Now that we're so few left up here, we don't bother with lookouts anymore. That's how this man sneaked in without us knowing. He could have been here several days before I realized he was among us. That's the disadvantage of a place like this, we can hide out here easily, but so can anybody else.
This man must know how to get back to the Down. I hope he didn't just get lost and end up here by mistake. I wonder if he'd be willing to go back and take me with him or at least show me the way.
I lean close and examine him as he sleeps. How fascinating a whole new person is. I haven't seen somebody else for a long time. Makes me feel, even more, that I want to go back to the Down. Or, actually, anywhere else but here.
I wouldn't be surprised if he wasn't one of us. He has the eyebrow ridges and the barrel chest, the ruddy complexion, the black hair with reddish streaks. But sometimes some of them do look a lot like us. That's why the old ones had no trouble coming here as tourists. I wish I could see if his eyes are that aluminum gray ours always are. I wish.... I hope.... But ... well, how could he not be us?
His clothes are machine-made. Only his shoes seem to be of leather but they're finely smoothed. We used to have clothes and shoes like that, but even our hiking boots are worn out by now. His shoes are just regular. They'll be ruined in no time. One of his heels and the sole, too, is raised on one side. He must be lopsided. And he has a cane.
He's been burned across one side of his face. It's raw and blistered. If not for that, he'd be a handsome example of one of us. Of course the natives wouldn't think him handsome, they like a smoother blander face. I used to think as they do, I didn't want to be one of us, but I like his looks. A lot.
I spend the night nearby, he on one side of the wall and I on the other. I listen to him snore. It's like sleeping with a bear. Even though I'm out in the open, I feel safe with that racket going on.
* * *
Though I was looking for it, the Secret City was so secret I came upon it inadvertently. I actually spent a night camped within its outskirts before I noticed it.

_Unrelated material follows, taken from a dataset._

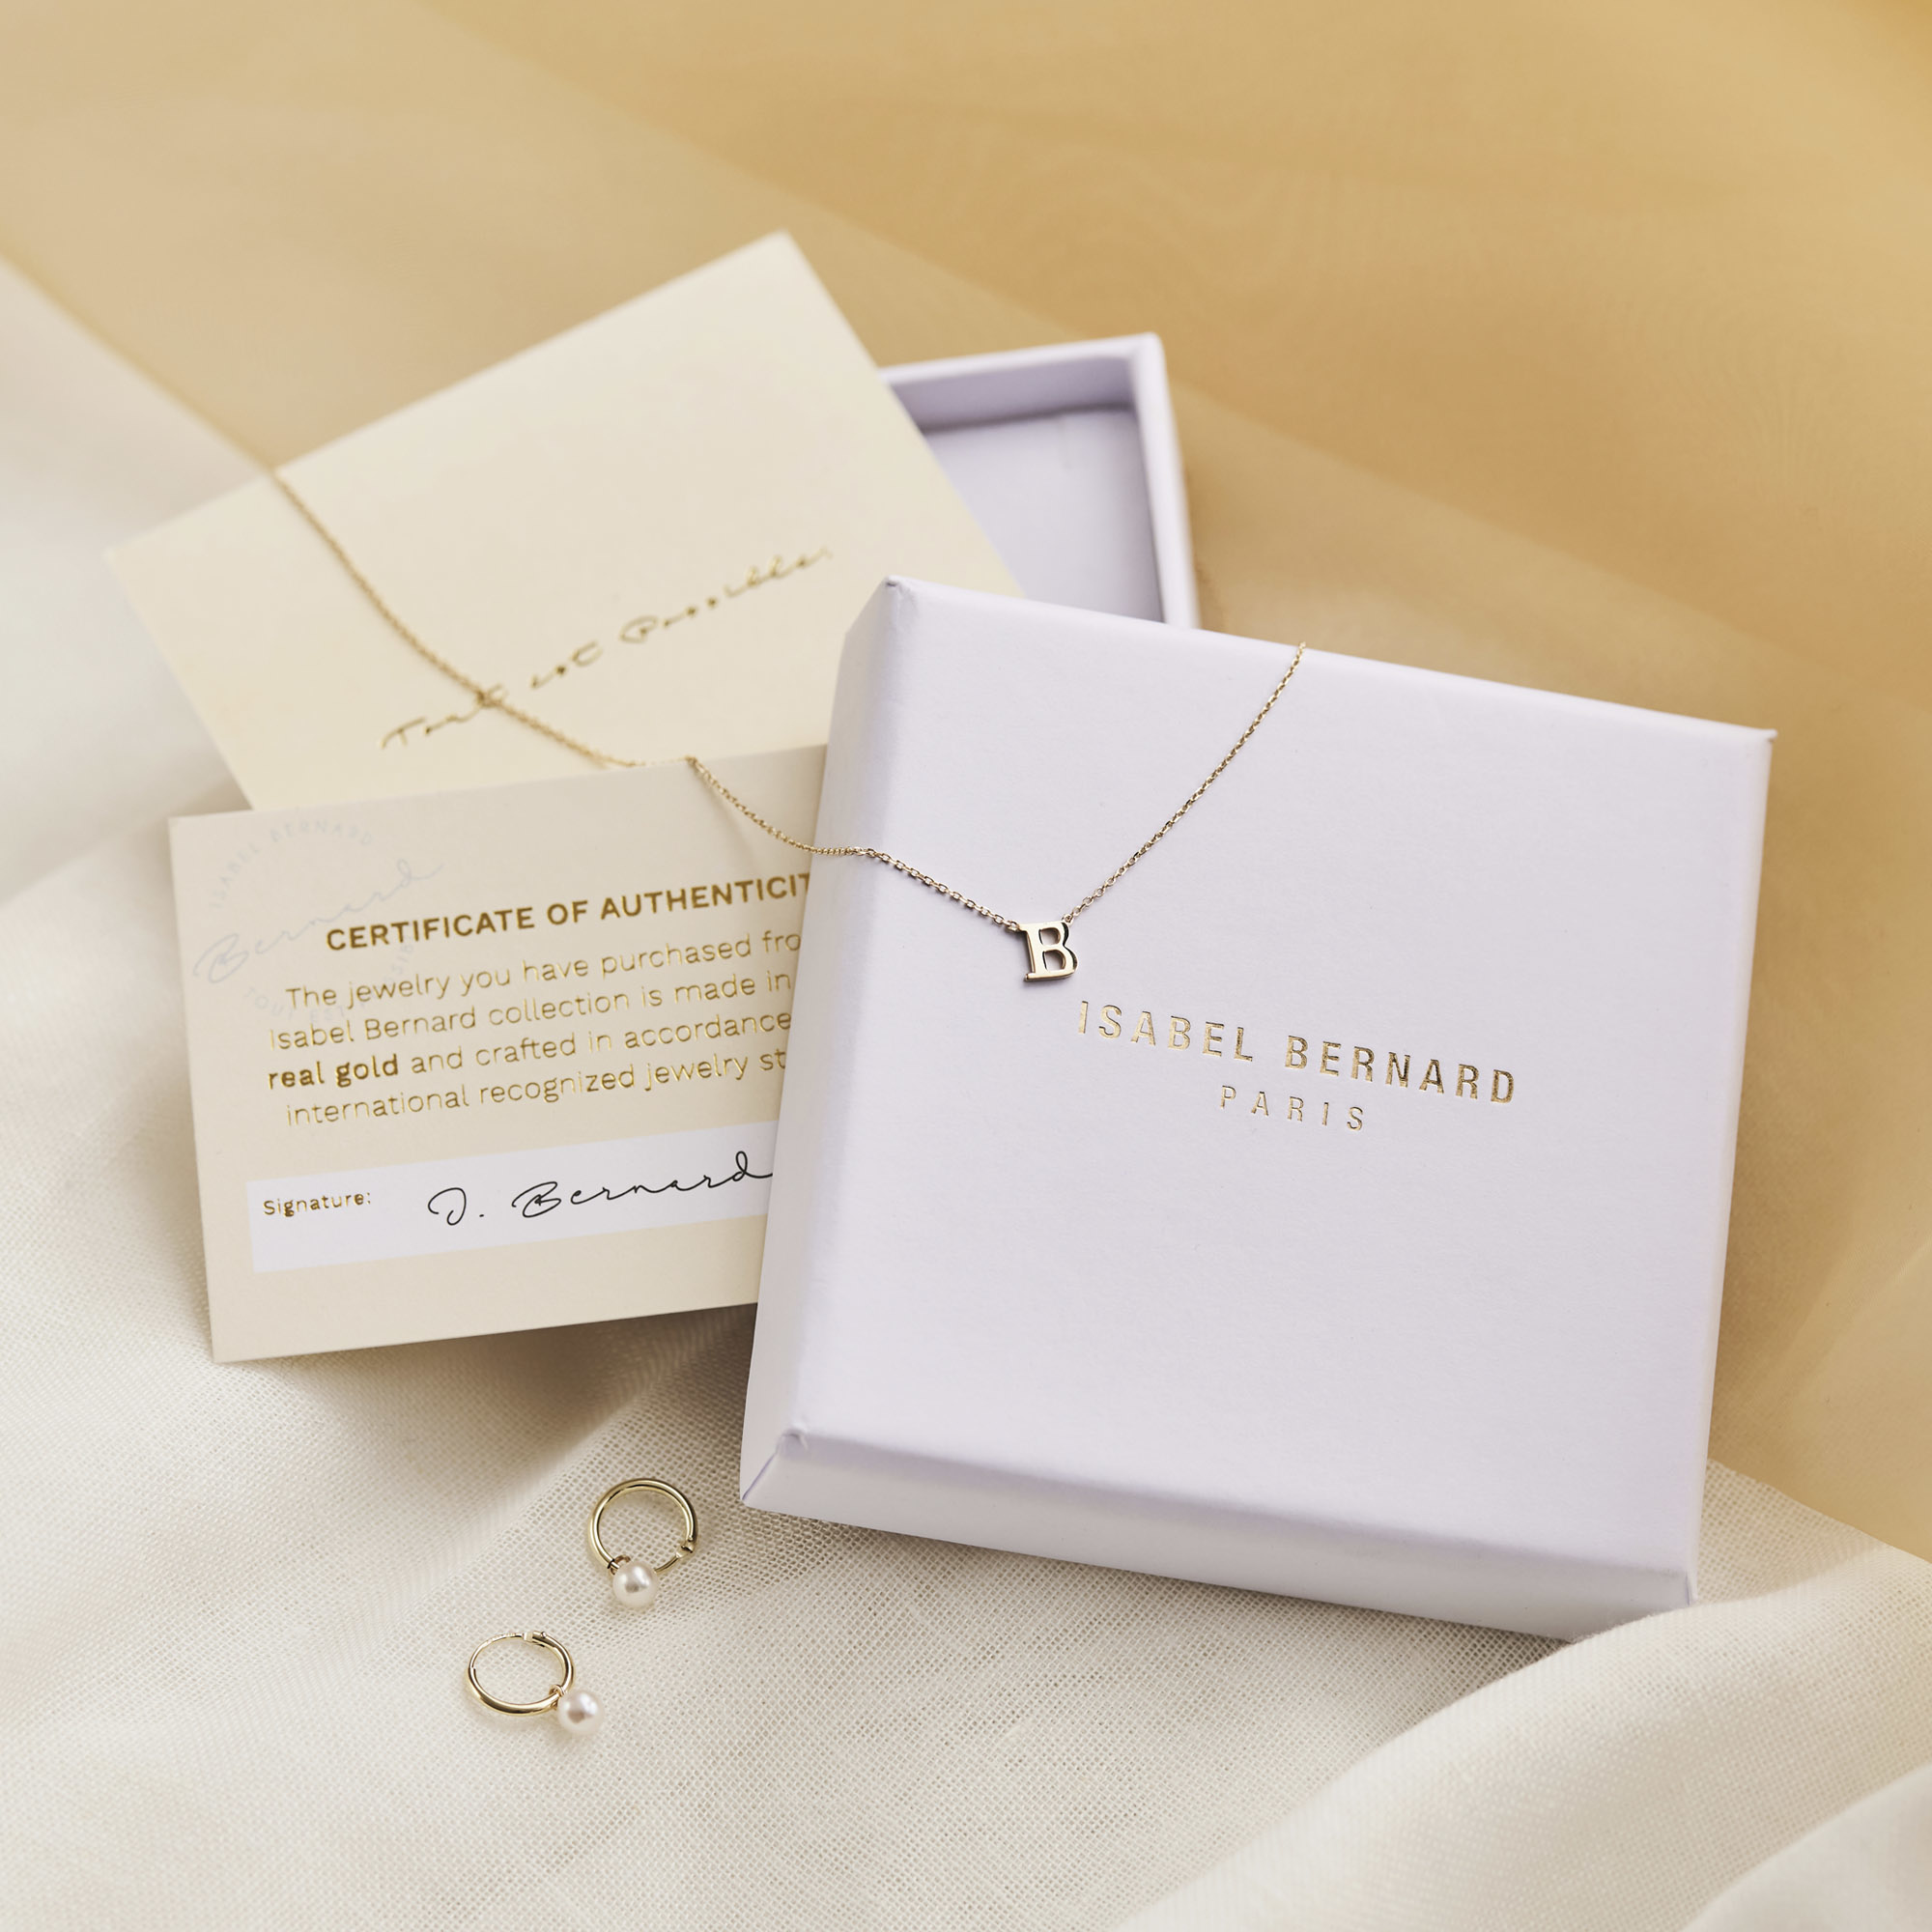 Isabel Bernard Saint Germain de Rennes 14 karat white gold ring with zirconia

I had walked for days, always taking the paths less traveled. I was in pain from my burns. very time I crossed a stream I stopped and wet my burned shoulder and face with icy mountain water. Often I was tempted to stay right there and soak myself until I healed but I wanted to get well away from any natives. This time of year they'd be unlikely to be more than a few days out. The knapsack pulled at my burned shoulder so that it bled, but I kept on.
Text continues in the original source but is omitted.